If you connect your robot to the orchestrator and upload you process there, there are two types of execution.

Attended: go to the uipath Assistant and click play to run. The end user will start
Unattended robot: the bot will execute automatically with out user intervention. This execution is scheduled in the orchestrator

Please check documentation
https://docs.uipath.com/orchestrator

Is it clear to you?

Regards

Yes it is clear but that was not the answer I was looking for. My point is about the rationale behind this specific type of process, Orchestration Process. It controls the overall process execution and coordination of tasks, jobs and queues. It defines what robots start and stop.
But what about the Orchestration Process robot itself. How’s the scheduling supposed to work? Who’s gonna control the execution of the Orchestration Process Robot itself? Is it like a robot that controls another robots?

Hy @atoi,

Please check links about scheduling:

One setup its done. It will start and run automatically as scheduled. It Controls and monitors all robots

Regards

@William_Blech_Sister I am well aware of the Schedules feature (now’s called Triggers in Orchestrator). I’m asking about the rationale, about the mindset behind it so I can make my own.

Hi @atoi : Orchestration process is intended to help end-to-end process automation by stitching or orchestrating multiple RPA workflows (through start job or queue item) as well as human actions (create form task, create document validation action etc).
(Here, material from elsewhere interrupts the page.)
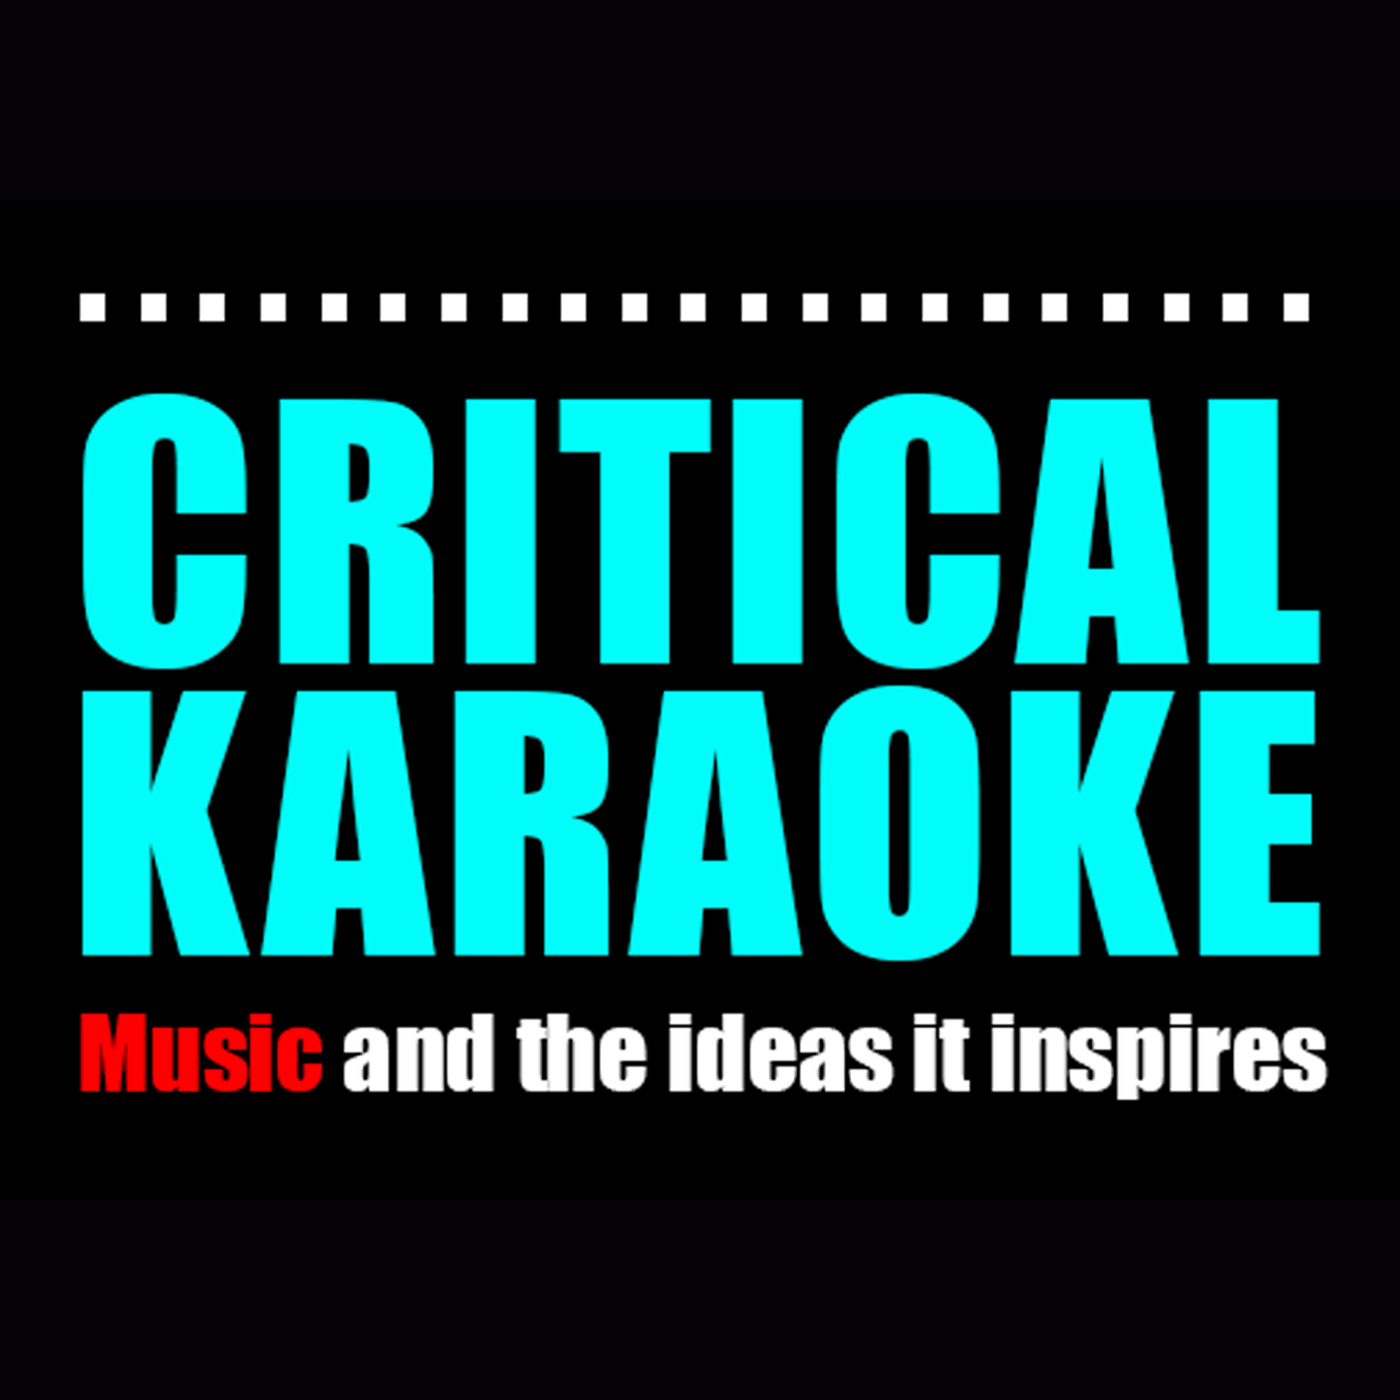 Critical Karaoke

This process is intended to be an un-attended process and bring humans in to the loop only when Robots needed assistance. So in all practical scenarios, this is yet another regular process scheduled in Orchestrator which has additional two states (suspended and resumed) that indicates that the workflow can be long running in nature awaiting for an underlying process or human action to complete before proceeding. But ensuring that the Robot that is executing an orchestration process is freed up, available to pick another job while a workflow is in suspended state.

It will be a just-in time auto-resume(handled by orchestrator, which is the key factor to avoid Robots continuous polling) as and when underlying process/action gets completed and the suspended workflow will resume from the step where it got suspended (with any relevant input/business data from underlying process/action transferred to the resumed workflow)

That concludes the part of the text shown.